Pictures are to be left out; every line from the one that holds "la piscine en" to the end of the data is to be retyped exactly.

◆ DATA
=== Section Start ===

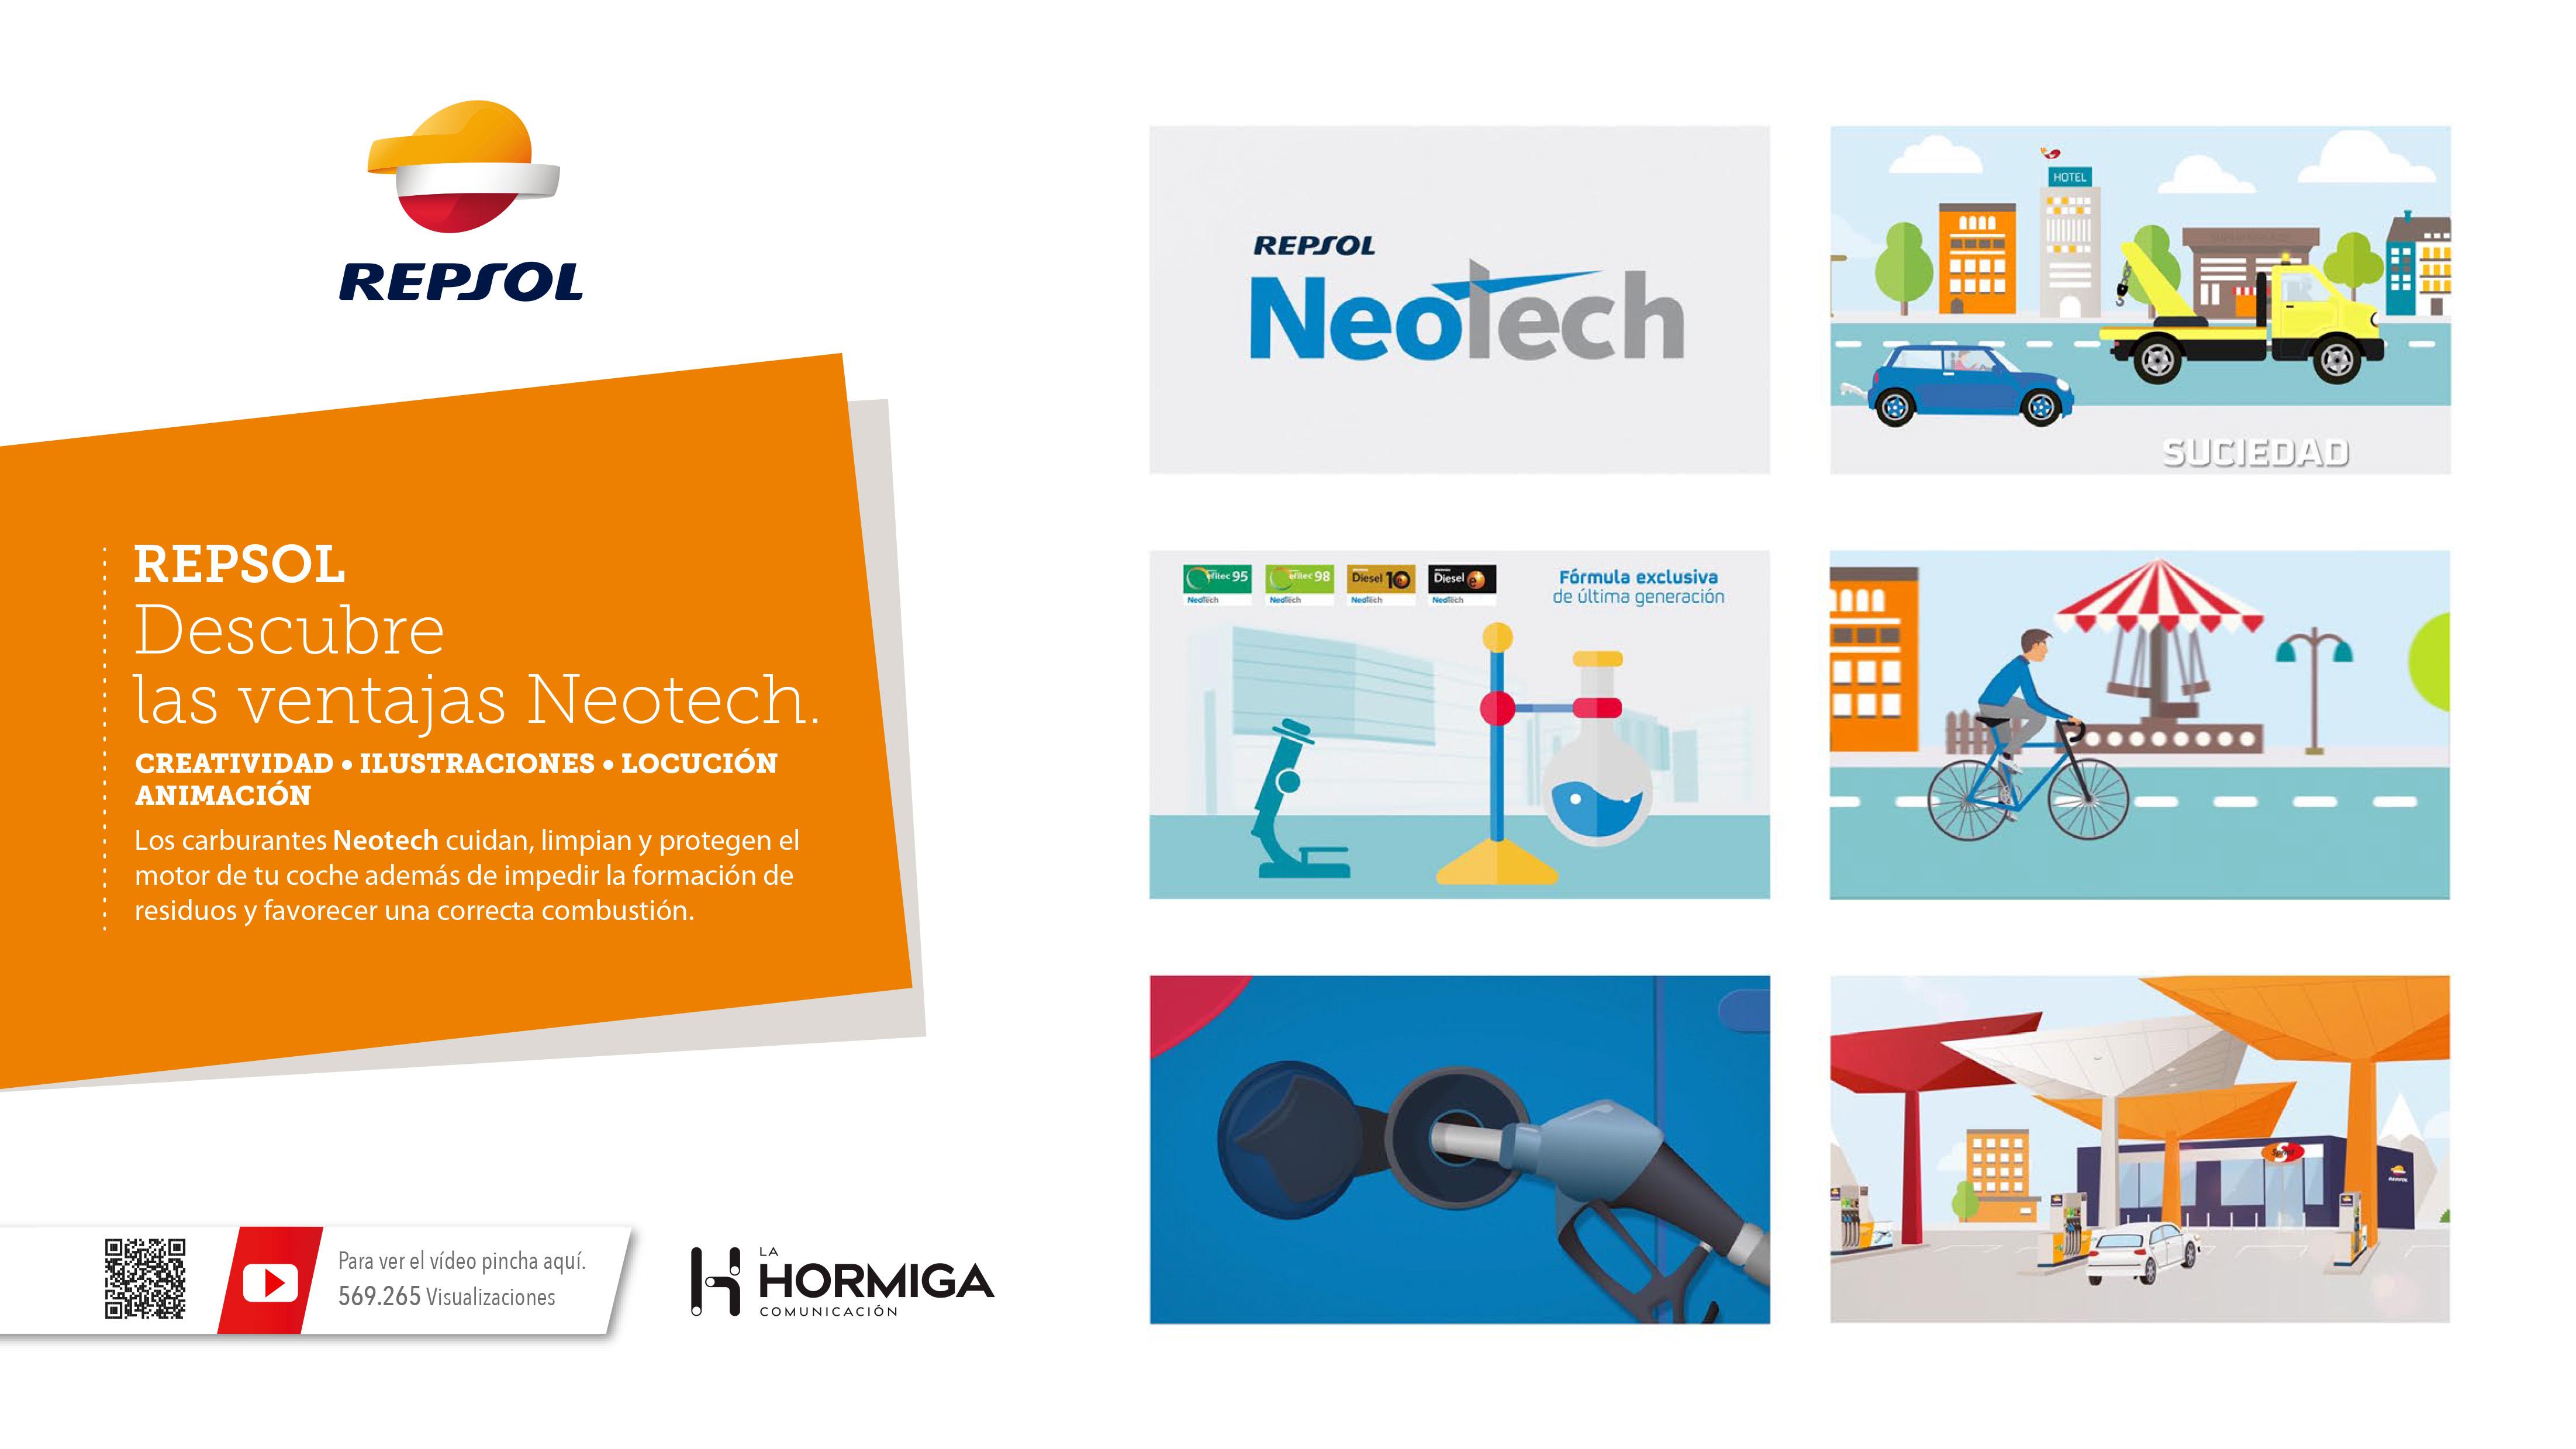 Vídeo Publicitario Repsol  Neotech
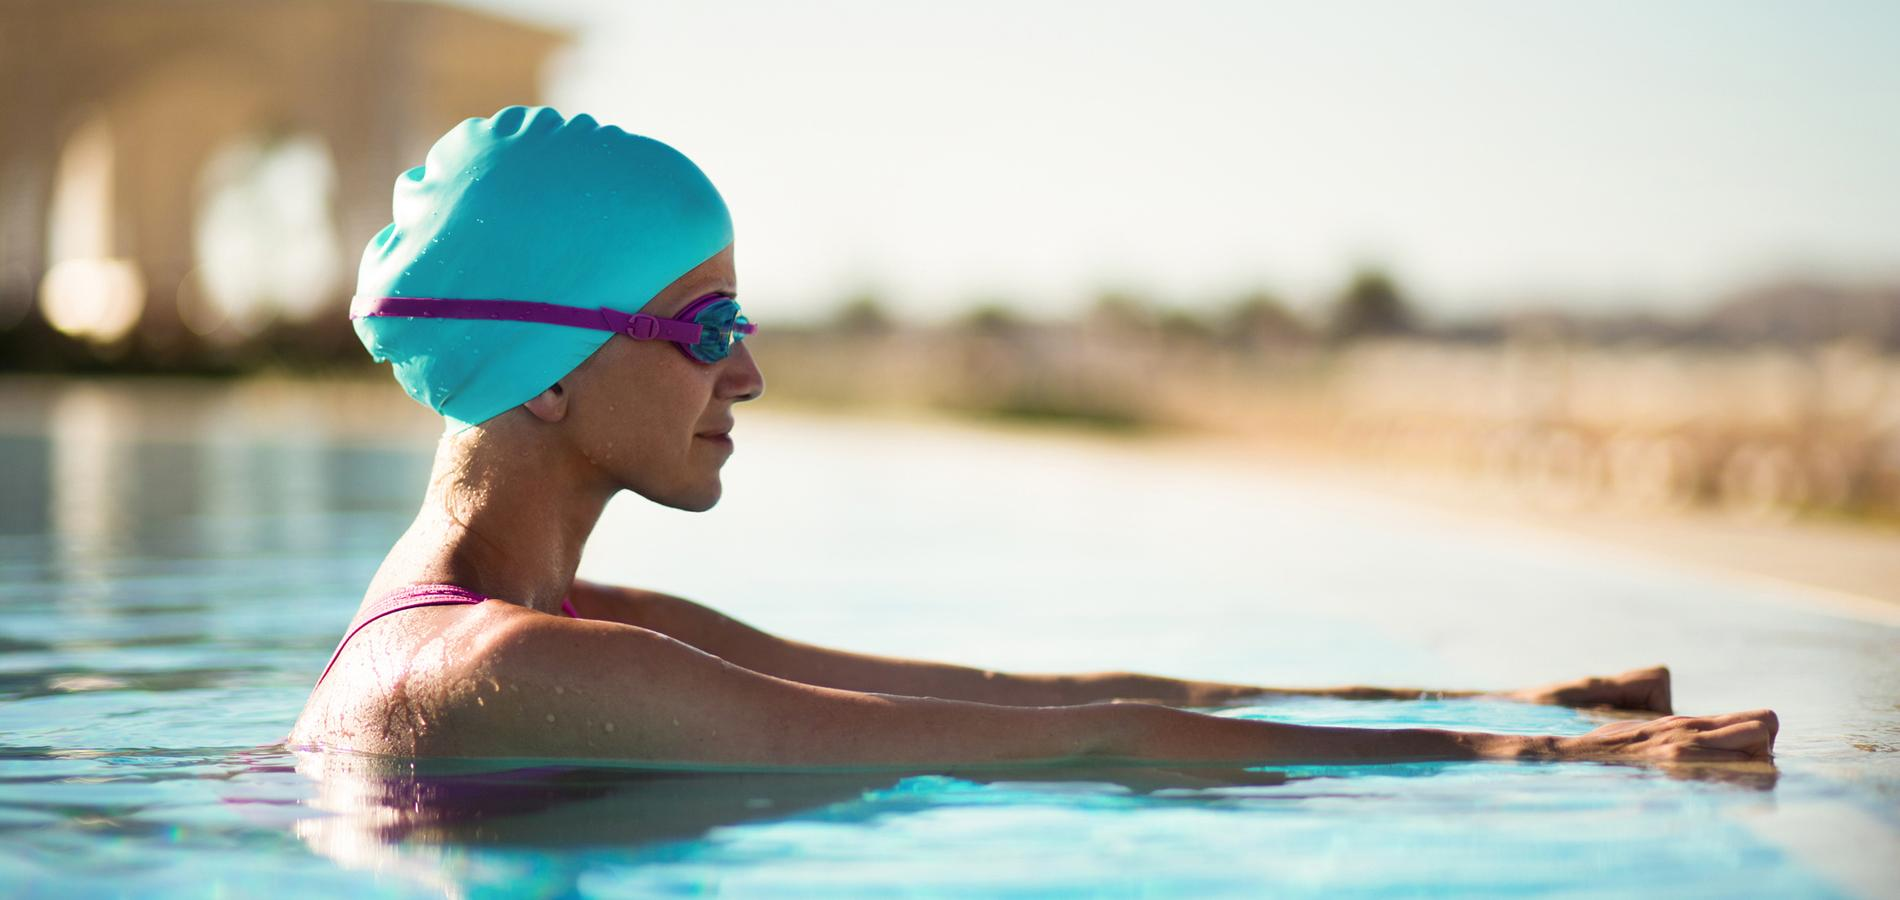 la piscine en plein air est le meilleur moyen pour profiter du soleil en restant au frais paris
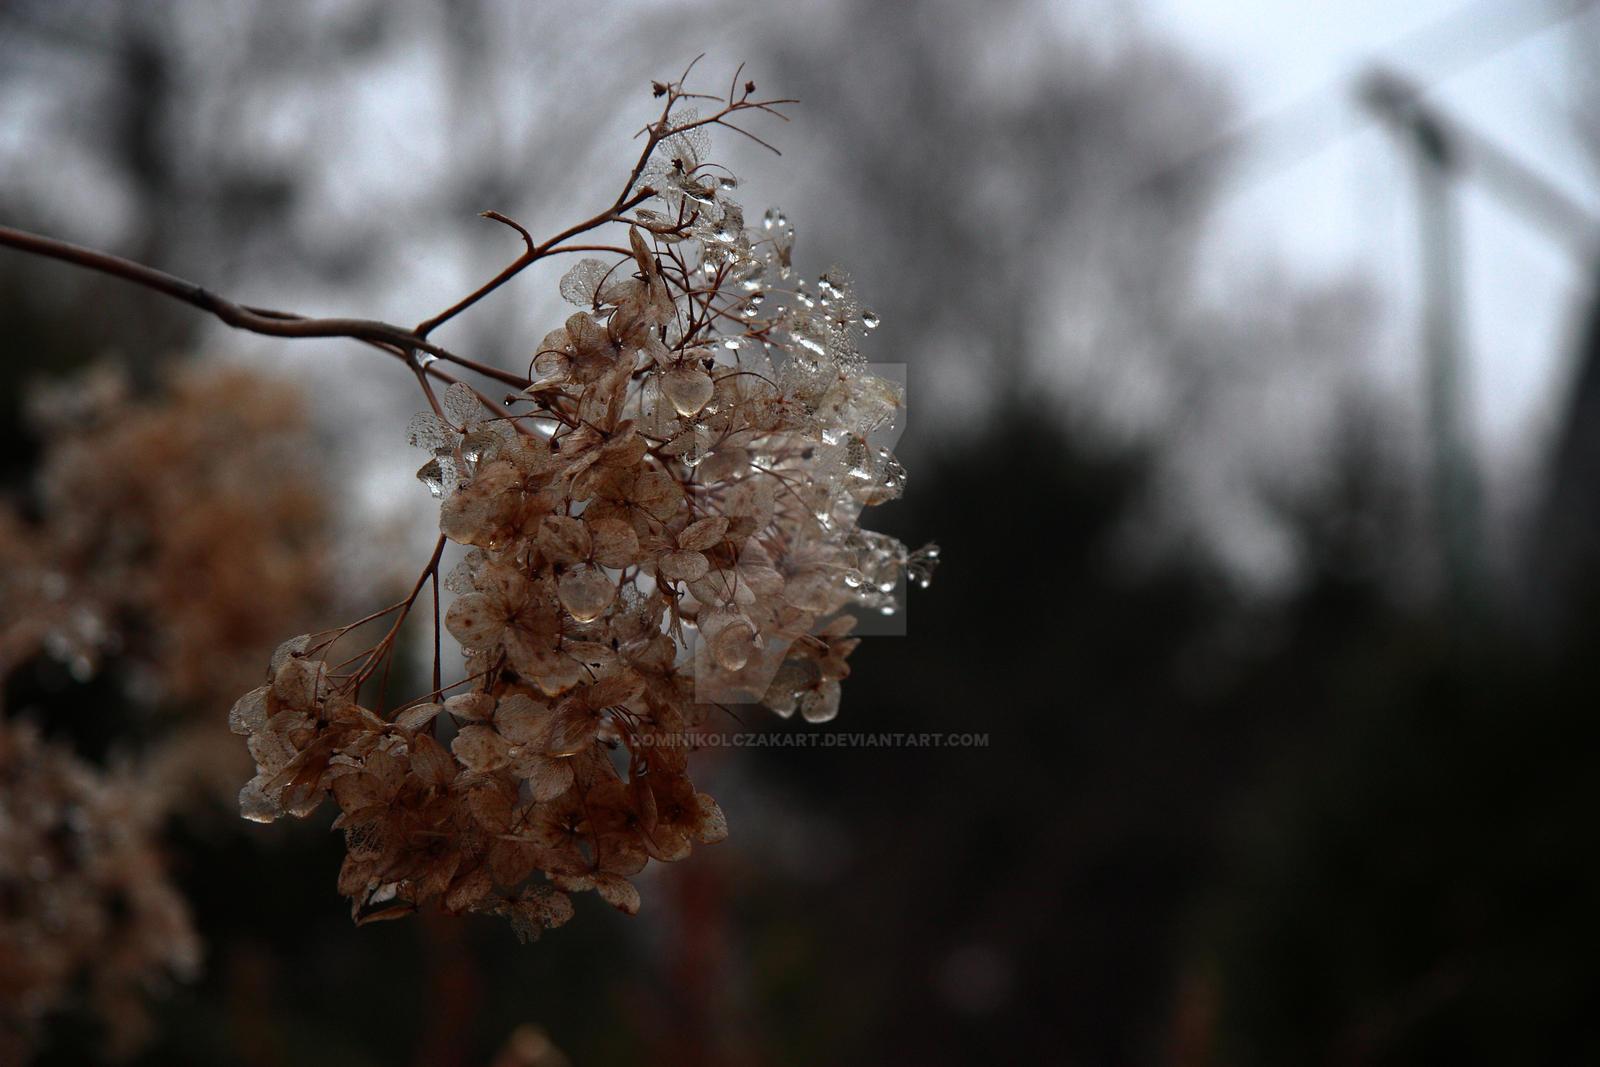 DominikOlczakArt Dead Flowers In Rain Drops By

=== Section End ===

◆ WRITTEN ANSWER
 la piscine en plein air est le meilleur moyen pour profiter du soleil en restant au frais paris
 DominikOlczakArt Dead Flowers In Rain Drops By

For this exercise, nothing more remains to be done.